Recruitment & Eligibility

Status
COMPLETED
Sex
All
Target Recruitment
12
Inclusion Criteria
  1. PD diagnosis from the United Kingdom Research Brain Bank diagnostic criteria for PD (Hughes et al., 1992);
  2. PD-MCI diagnosis from the Movement Disorder Society Task Force diagnostic criteria. Single and multiple-domain MCI were both included, only if executive functions were significantly impaired (-1 standard deviation on executive function tests according to age and education-adjusted norms);
  3. Montreal Cognitive Assessment scores between 21 and 27;
  4. Anti-Parkinson medication stable (at screening) since at least two months;
  5. All other medications, including psychotropics, stable for at least three months.
Exclusion Criteria
  1. Participants with PD and dementia diagnosis
  2. Patients with other neurological or psychiatric disorders.

Study & Design

Study Type
INTERVENTIONAL
Study Design
PARALLEL
Primary Outcome Measures
NameTimeMethod
Raw score Change from baseline DEX (self rated) to 1 week post test1 week post-test

Questionnaire on subjective executive functions

Raw score Change from baseline DEX (self rated) to 4 weeks post test4 weeks post-test

Questionnaire on subjective executive functions

Raw score Change from baseline DEX (caregiver rated) to 4 weeks post test4 weeks post-test

Questionnaire on subjective executive functions (caregiver rates the executive functions of the participant

Raw score Change from baseline DEX (caregiver rated) to 3 weeks after the beginning of intervention3 weeks after beginning of intervention (mid-point)

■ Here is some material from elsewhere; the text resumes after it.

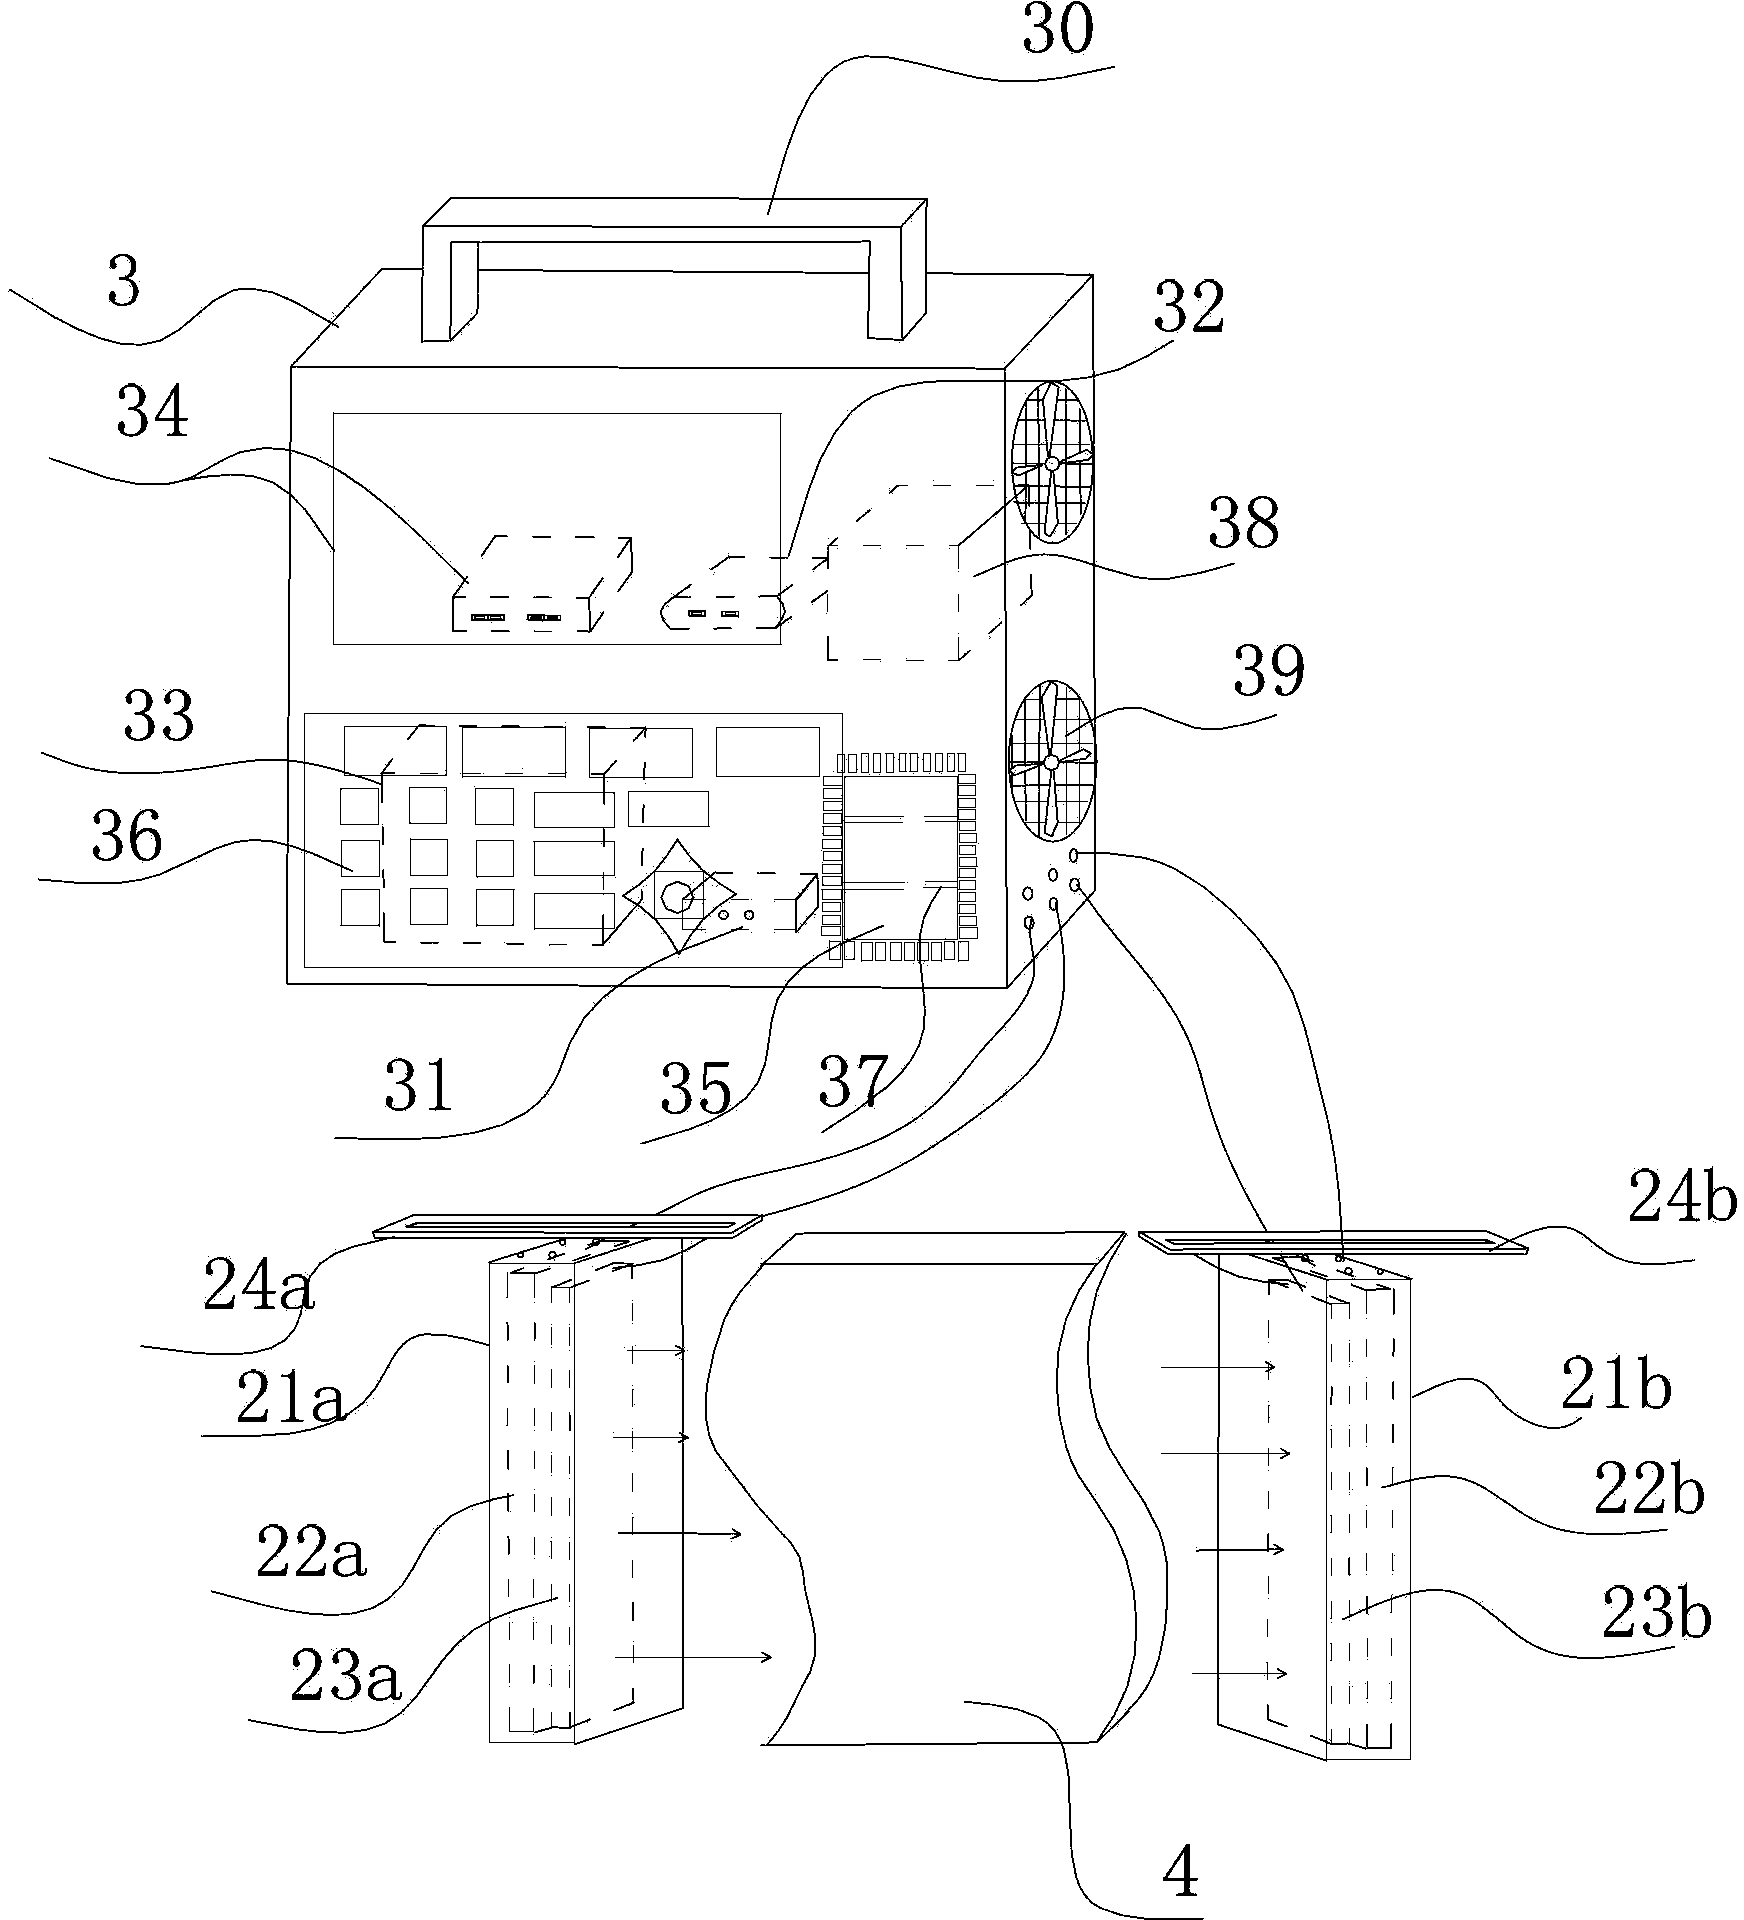 Device and method for automatically monitoring and evaluating soil parameters

Questionnaire on subjective executive functions (caregiver rates the executive functions of the participant

Raw score Change from baseline DEX (caregiver rated) to 12 weeks post test12 weeks post-test

Questionnaire on subjective executive functions (caregiver rates the executive functions of the participant

Raw score Change from baseline DEX (caregiver rated) to 1 week post test1 week post-test

Questionnaire on subjective executive functions (caregiver rates the executive functions of the participant

Raw score Change from baseline Zoo Map Test to 1 week post test1 week post-test

Neuropsychological test assessing planification and organisation

Raw score Change from baseline Zoo Map Test to 12 weeks post test12 weeks post-test

Neuropsychological test assessing planification and organisation

Raw score Change from baseline DEX (self rated) to 3 weeks after beginning of intervention3 weeks after beginning of intervention (mid-point)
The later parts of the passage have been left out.